There is a pleasant, natural statistical solution to this problem for integral values of $K$, showing that the product has a $\chi^2(2)$ distribution. It relies only on well-known, easily established relationships among functions of standard normal variables.
When $K$ is integral, a Beta$(1,K-1)$ distribution arises as the ratio $$\frac{X}{X+Z}$$ where $X$ and $Z$ are independent, $X$ has a $\chi^2(2)$ distribution, and $Z$ has a $\chi^2(2K-2)$ distribution. (See the Wikipedia article on the Beta distribution for instance.)
Any $\chi^2(n)$ distribution is that of the sum of squares of $n$ independent standard Normal variates. Consequently, $X+Z$ is distributed as the squared length of a $2 + 2K-2 = 2K$ vector with a standard multinormal distribution in $\mathbb{R}^{2K}$ and $X/(X+Z)$ is the squared length of the first two components when that vector is radially projected to the unit sphere $S^{2K-1}$.
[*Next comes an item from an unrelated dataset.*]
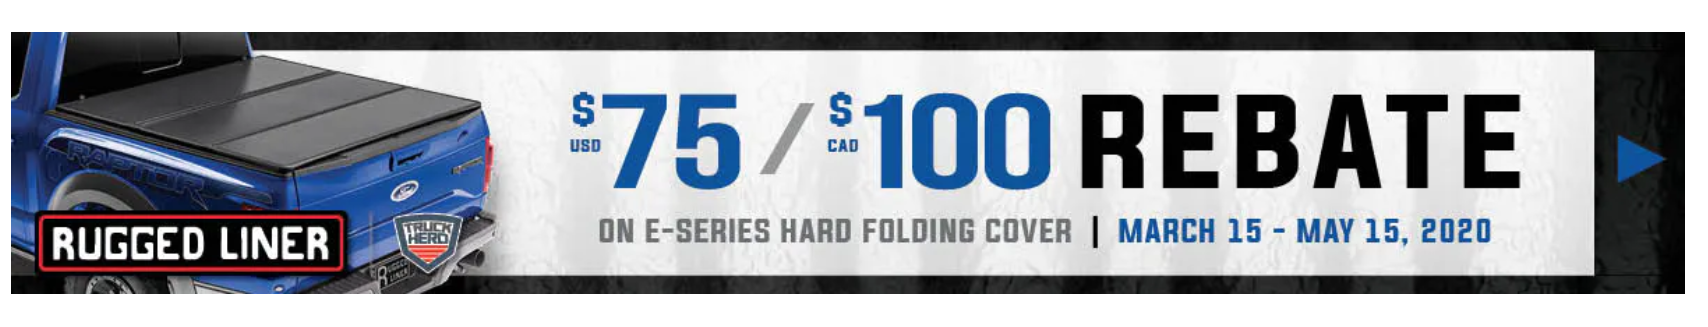 Rugged Liner: Get US$75 or CA$100 Back on E-Series Hard Folding Truck Bed Covers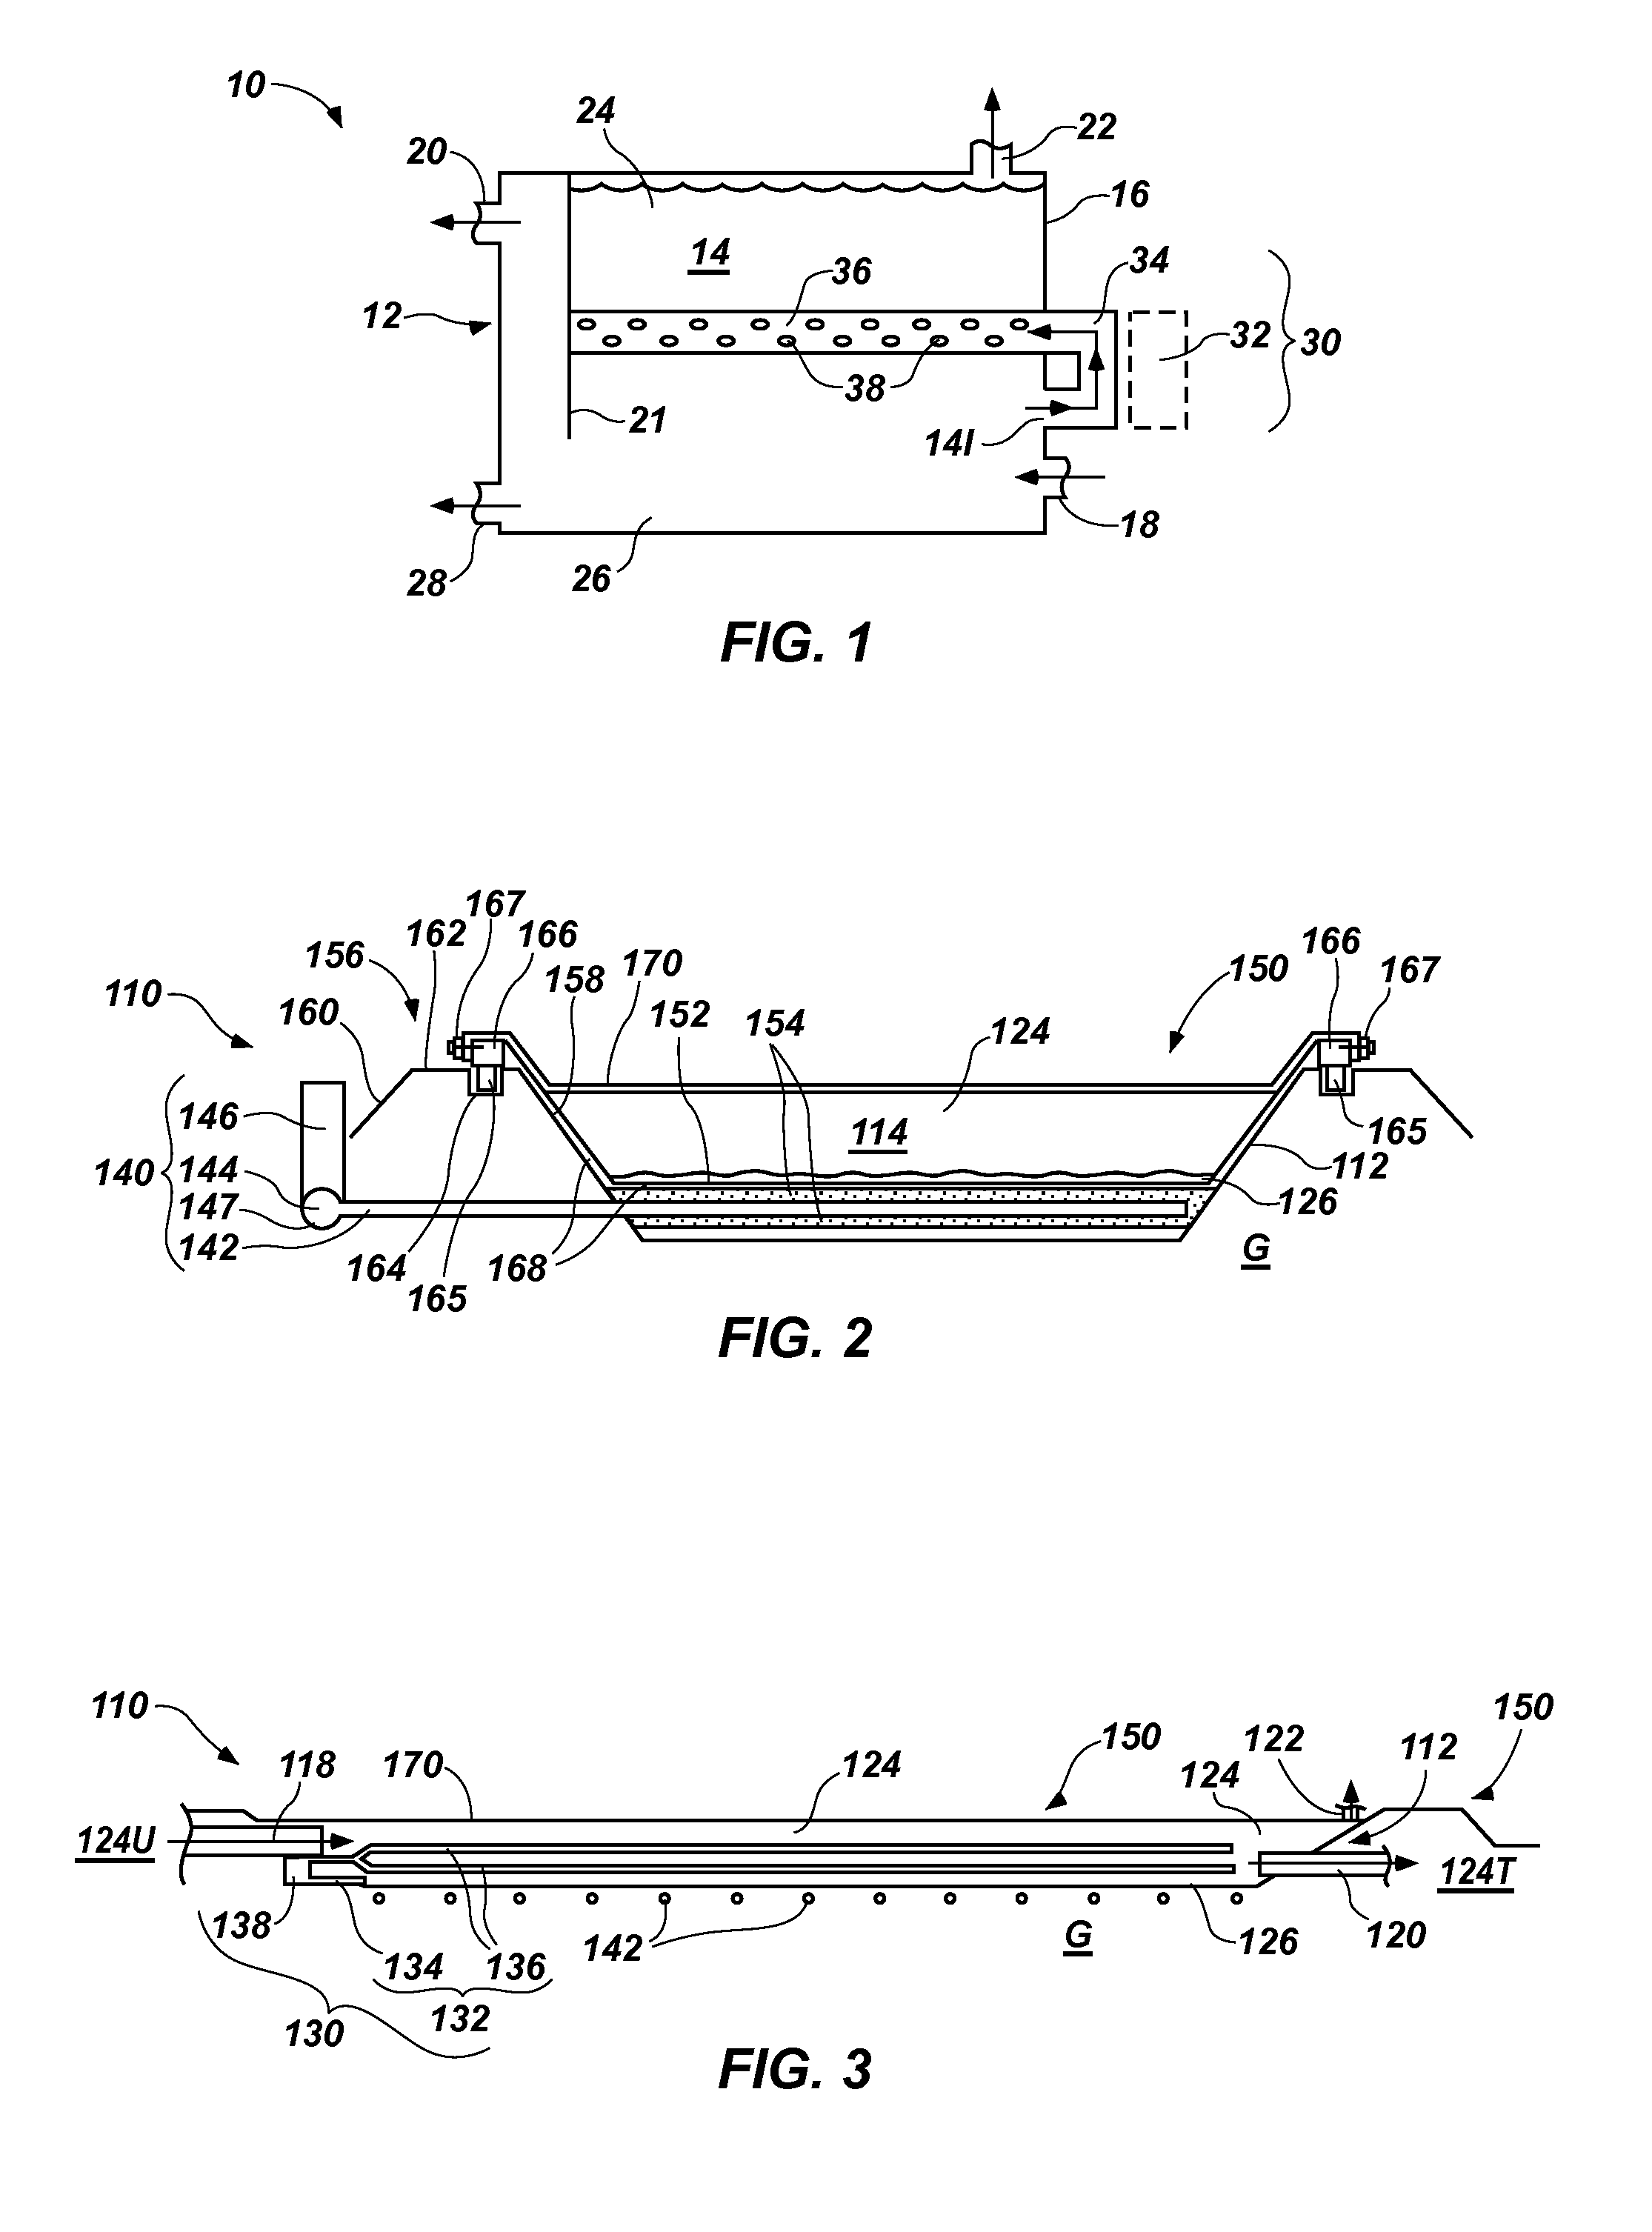 Methods for treating wastewater from exploration for and production of  oil and gas

The projection of a standard multinormal $n$-vector onto the unit sphere has a uniform distribution because the multinormal distribution is spherically symmetric. (That is, it is invariant under the orthogonal group, a result that follows immediately from two simple facts: (a), the orthogonal group fixes the origin and by definition does not change covariances; and (b) the mean and covariance completely determine the multivariate normal distribution. I illustrated this for the case $n=3$ at https://stats.stackexchange.com/a/7984). In fact, the spherical symmetry immediately shows this distribution is uniform conditional on the length of the original vector. The ratio $X/(X+Z)$ therefore is independent of the length.
What all this implies is that multiplying $X/(X+Z)$ by an independent $\chi^2(2K)$ variable $Y$ creates a variable with the same distribution as $X/(X+Z)$ multiplied by $X+Z$; to wit, the distribution of $X$, which has a $\chi^2(2)$ distribution.